The material below should be copied line for line, please, with pictures omitted.

* **DATASET EXTRACT**
^^^^
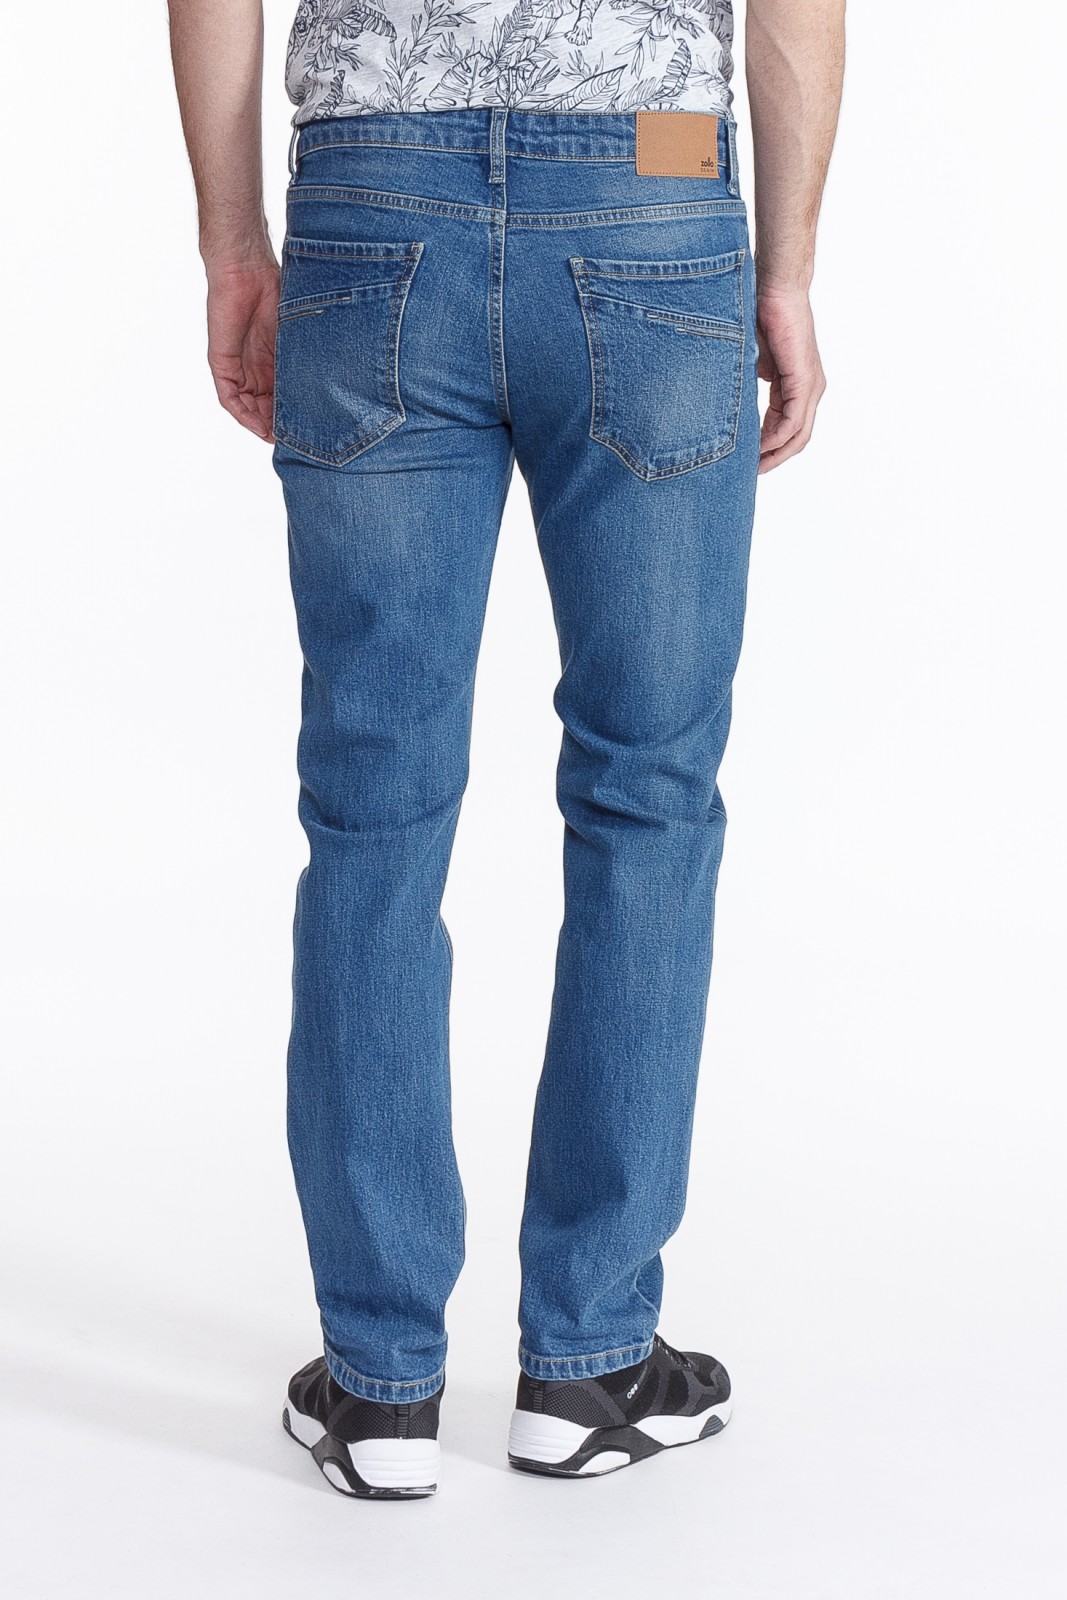 Брюки джинсовые zolla 21021716U053, цвет голубой, размер 30 - фото 2
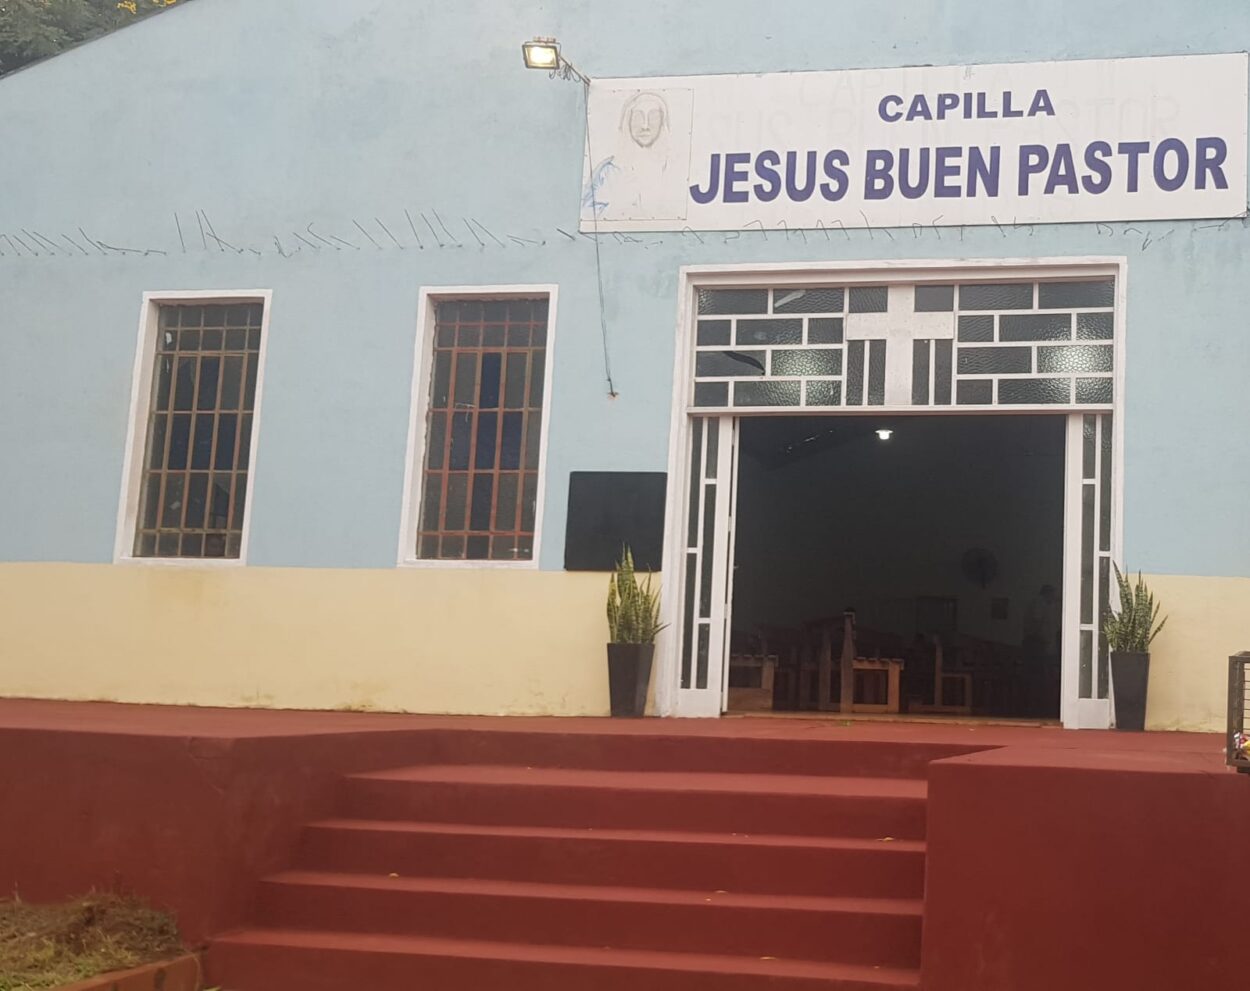 Capilla “Jesús Buen Pastor” celebrará su fiesta patronal este domingo 21 imagen-12
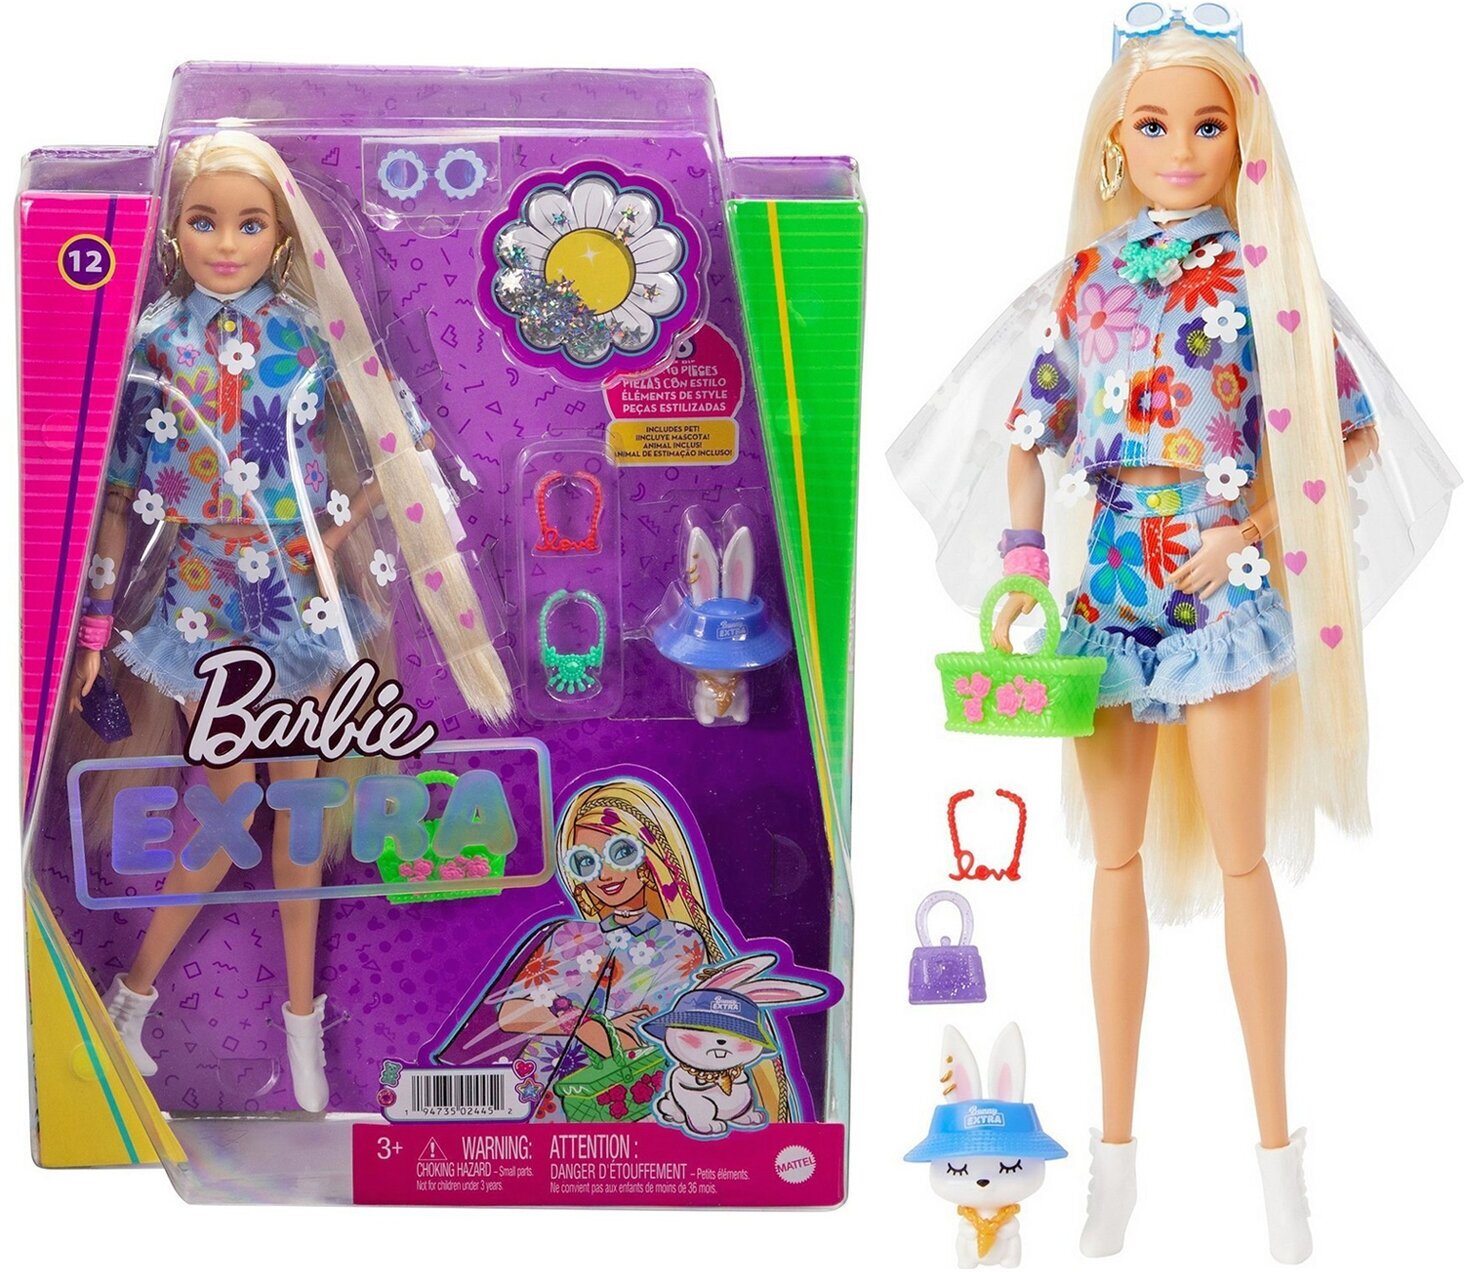 Barbie Кукла Экстра в одежде с цветочным принтом - фото №7
^^^^
* **RESPONSE AREA**
 Брюки джинсовые zolla 21021716U053, цвет голубой, размер 30 - фото 2
 Capilla “Jesús Buen Pastor” celebrará su fiesta patronal este domingo 21 imagen-12
 Barbie Кукла Экстра в одежде с цветочным принтом - фото №7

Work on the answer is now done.